# Auslagerungsdatei (Speicher) werde voll



## sim26 (21. Jan 2007)

Hallo zusammen, 

habe bitte folgendes Problem, ich arbeite mit Eclipse, die Programm was ich geschrieben sollte Daten transferieren von Excel nach MySQL (mehr als 1 GB).

Also wenn das Programm lauft :
* werde dann die CPU Auslastung auf 100% steigen
* Auslagerungsdatei (Speicher) werde dann langsam  voll (arbeite mit einem Rechner die ihre Speicher max. 1305420 ist) 

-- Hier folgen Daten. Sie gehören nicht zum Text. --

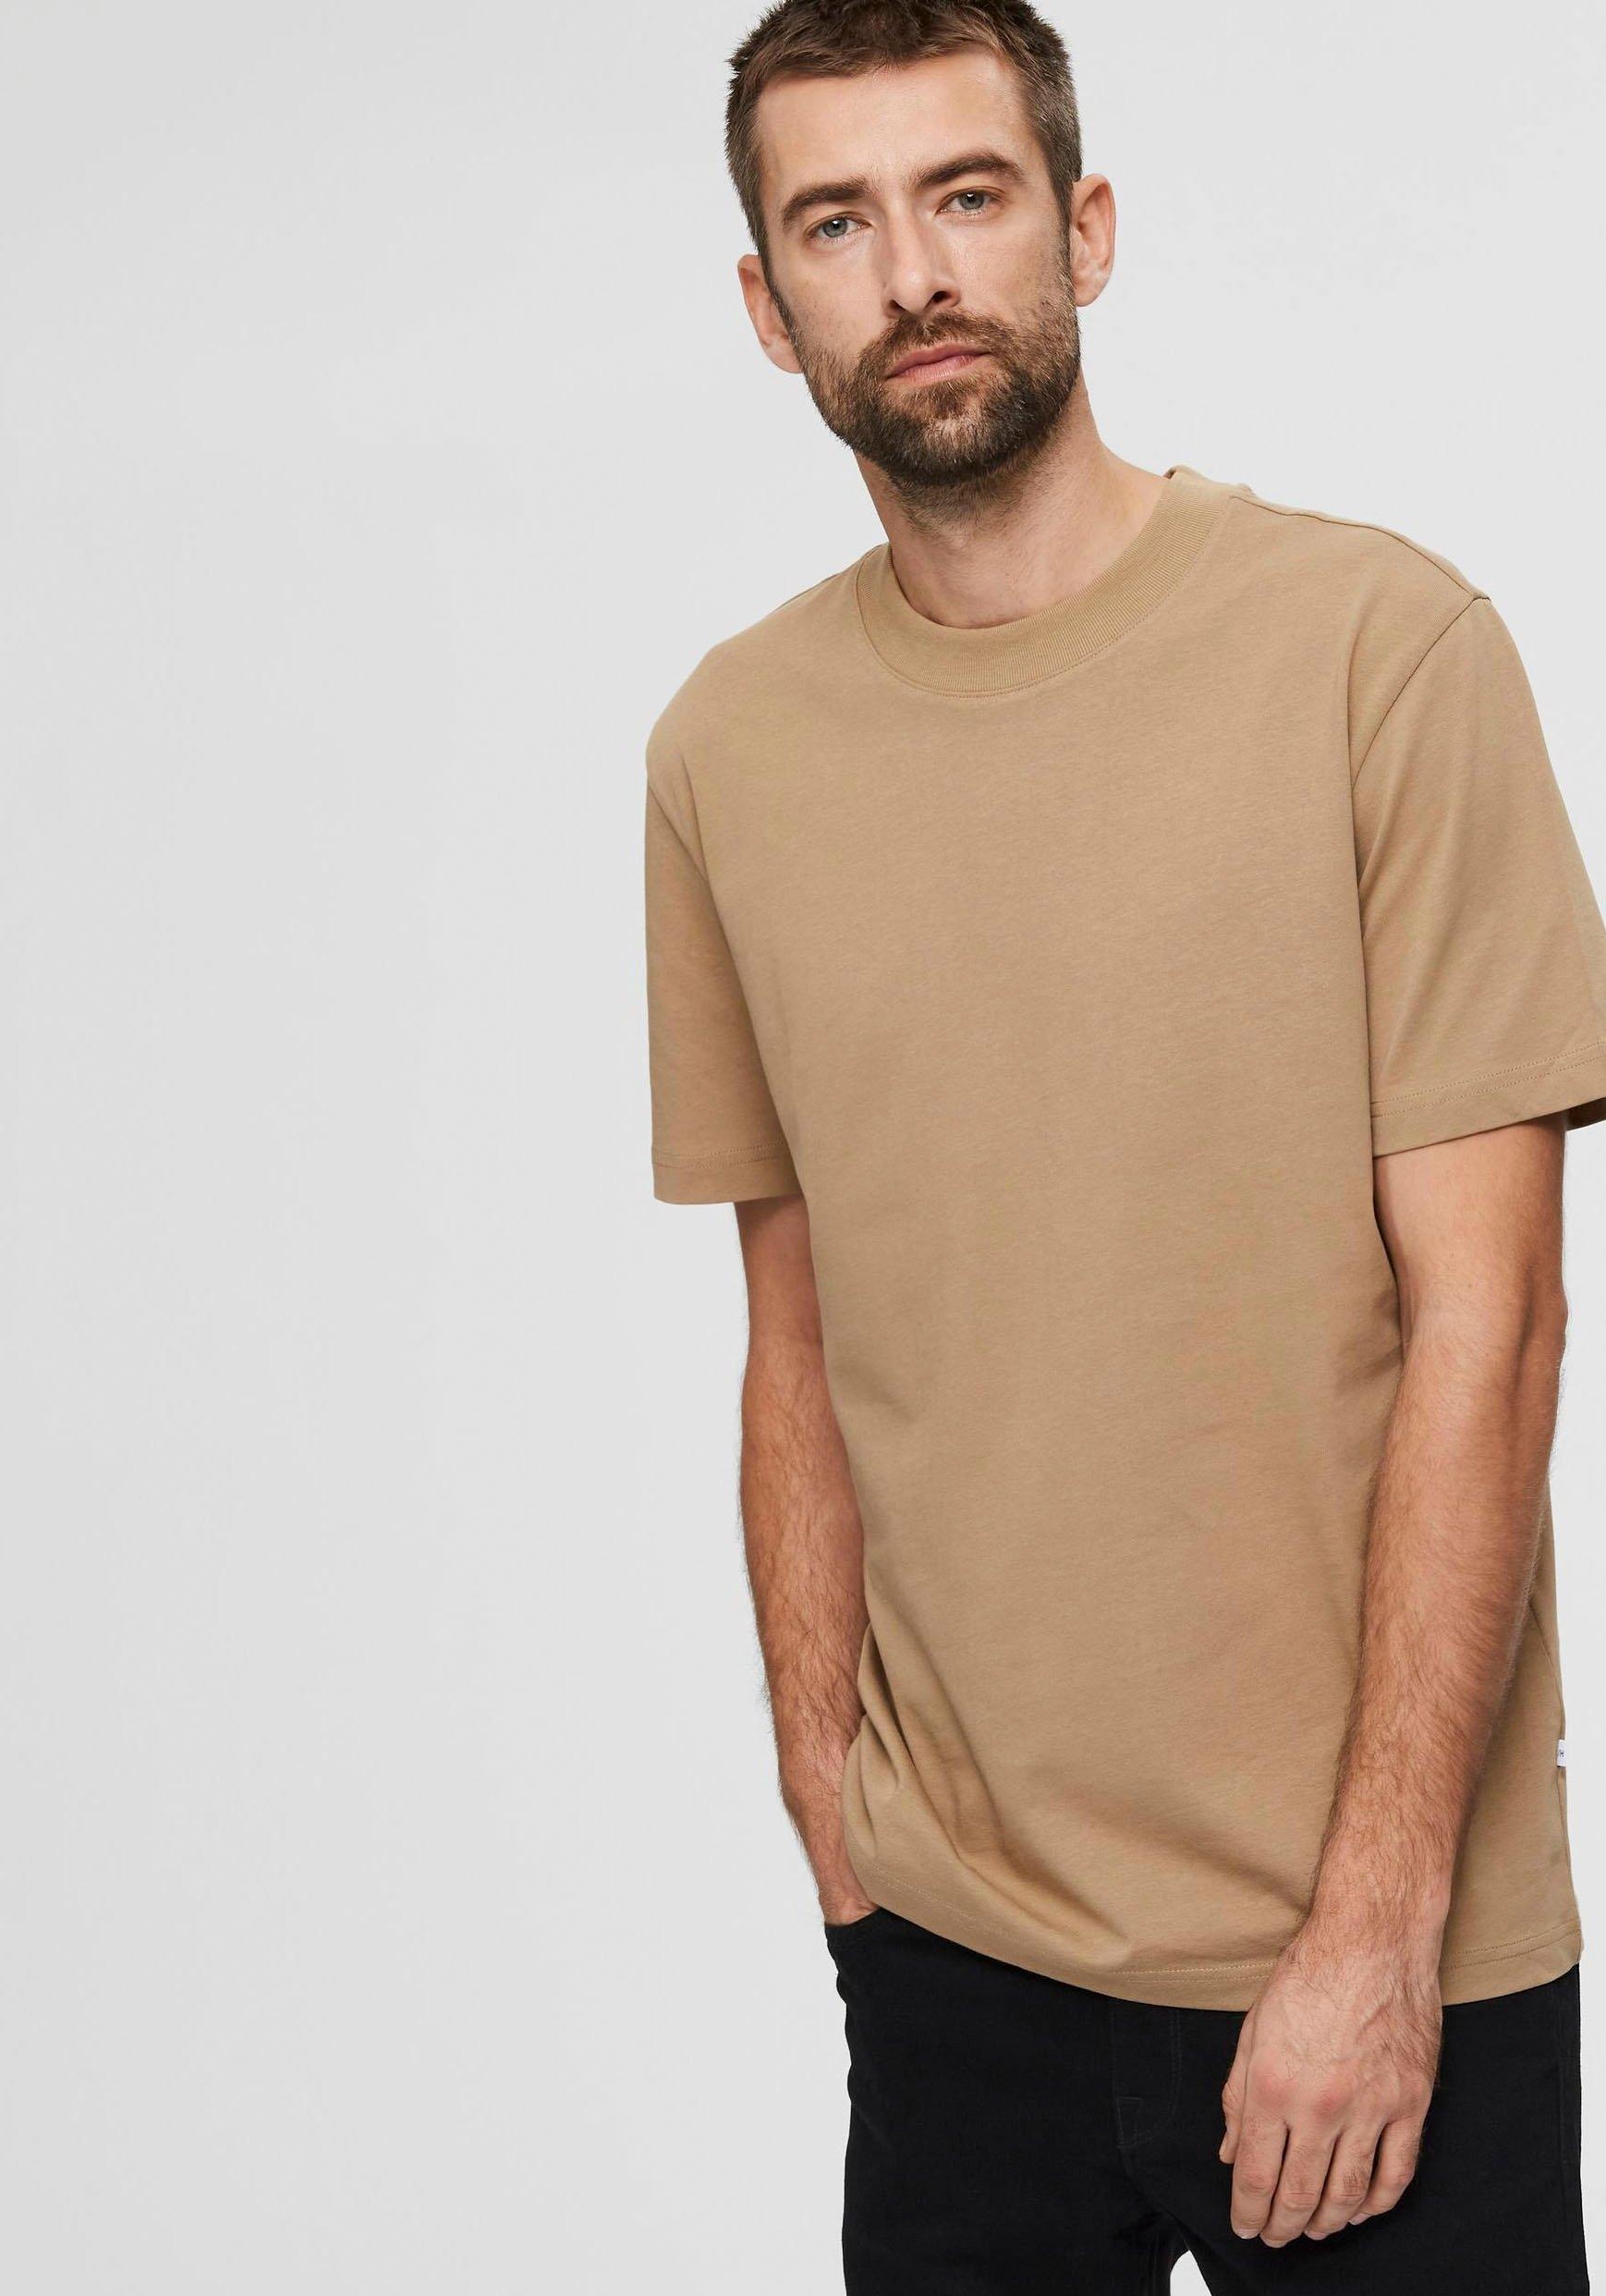 SELECTED HOMME T-shirt RELAX COLMAN O-NECK TEE bestellen: 30 dagen bedenktijd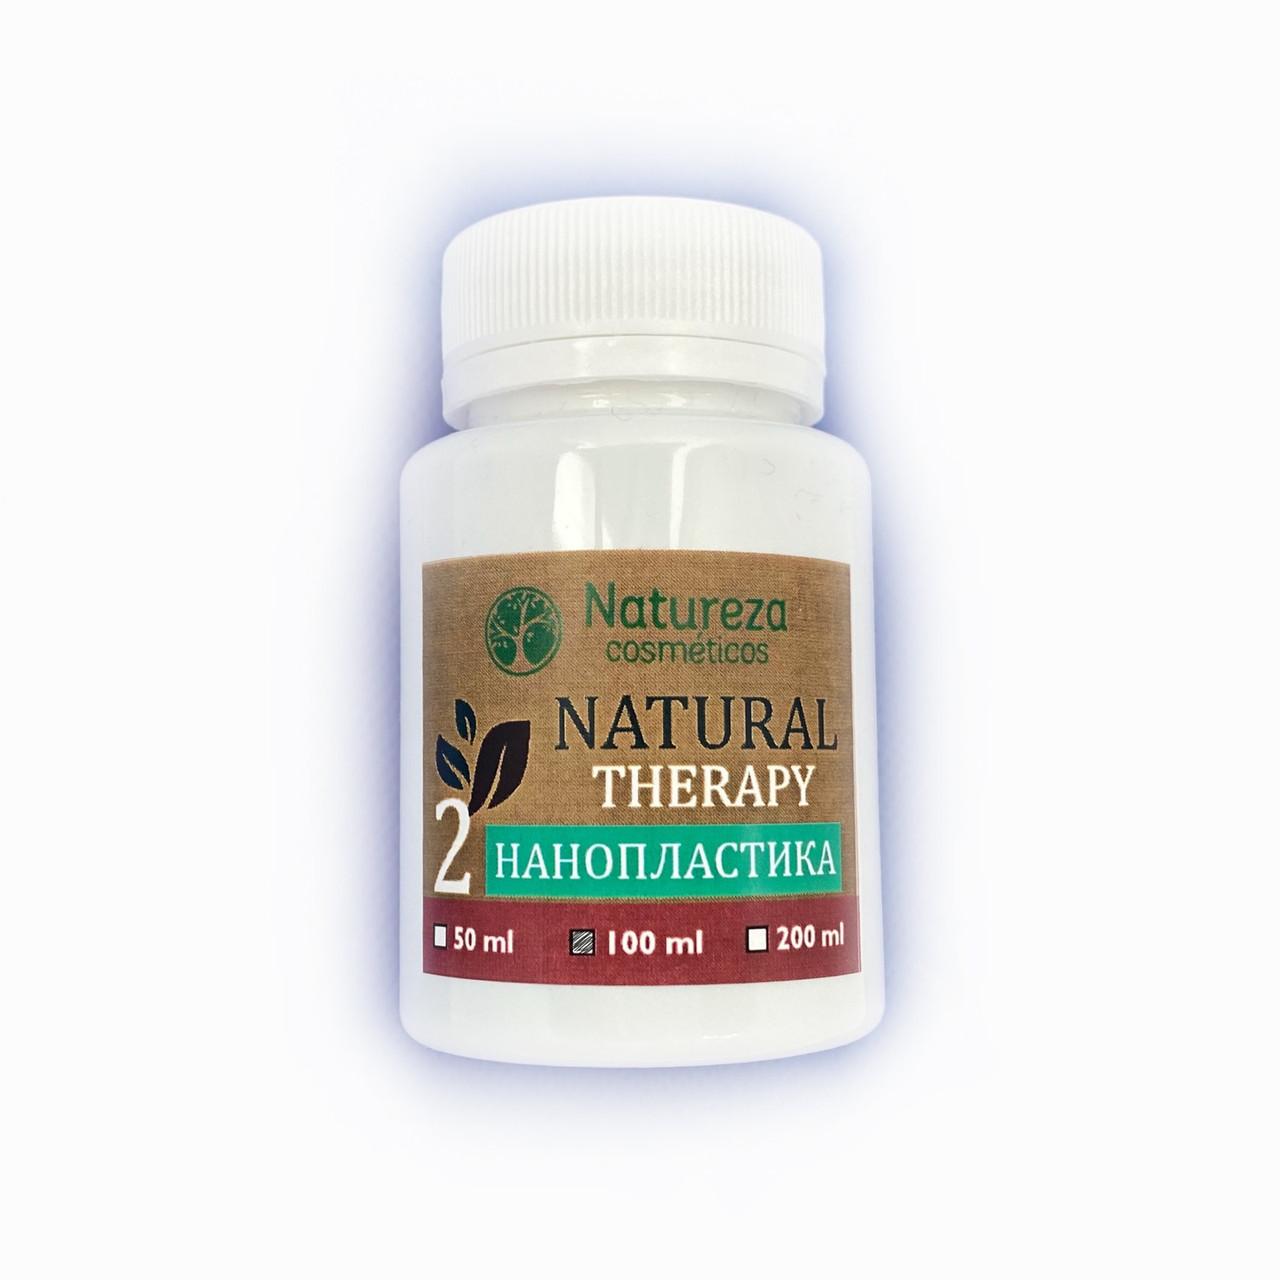 Нанопластика Natureza Natural Therapy Escova de Biotina, 100 мл

Also nach ein paar Minuten dann erreicht dann die Auslagerungsdatei (Speicher) sein max. dann bleibt so und die CPU Auslastung werde dann von 100% auf normale zustand, D.H. mein Programme werde dann nicht bis ende ausgeführt.

habe mich schon schlau gemacht, dann habe die VM Arguments geändert zu :  -Xmx1024m -Xms30m,
aber nix gebracht.

Kann jemand mir helfen, bitte

Danke


----------



## sparrow (21. Jan 2007)

Das abarbeiten von so vielen Daten wird eine Weile dauern.
Lass dir doch Statusmeldungen ausgeben um zu sehen ob die Abarbeiten der einzelnen Datensätze durchläuft oder ob er abbricht.

Ansonsten klingt das ganze nach einem Fehler in der Programmierung des Programms, so dass niemand einen pauschale Antwort geben kann. Es stellt sich zum Beispiel die Frage wie du die Daten aus Excel bekommst.

Also so, ohne Eingrenzung des Fehlers, keine Chance.

Gruß
Sparrow


----------



## HLX (22. Jan 2007)

Beobachte das Verhalten deines Garbage Collectors. Wenn du beim Start zusätzlich als VM Argument _-verbose:gc_ angibst wird das Verhalten des Garbage-Collectors in der Konsole ausgegeben.

Wenn dein Speicher nicht ausreicht, sprich: der Garbage-Collector nicht mehr in der Lage ist genügend freien Speicher aus den zur Verfügung gestellten 1024MB freizuschaufeln, wird dein Programm von der VM mit einem OutOfMemoryError beendet. 

Da das Programm weiterläuft liegt dein Problem wahrscheinlich woanders.


----------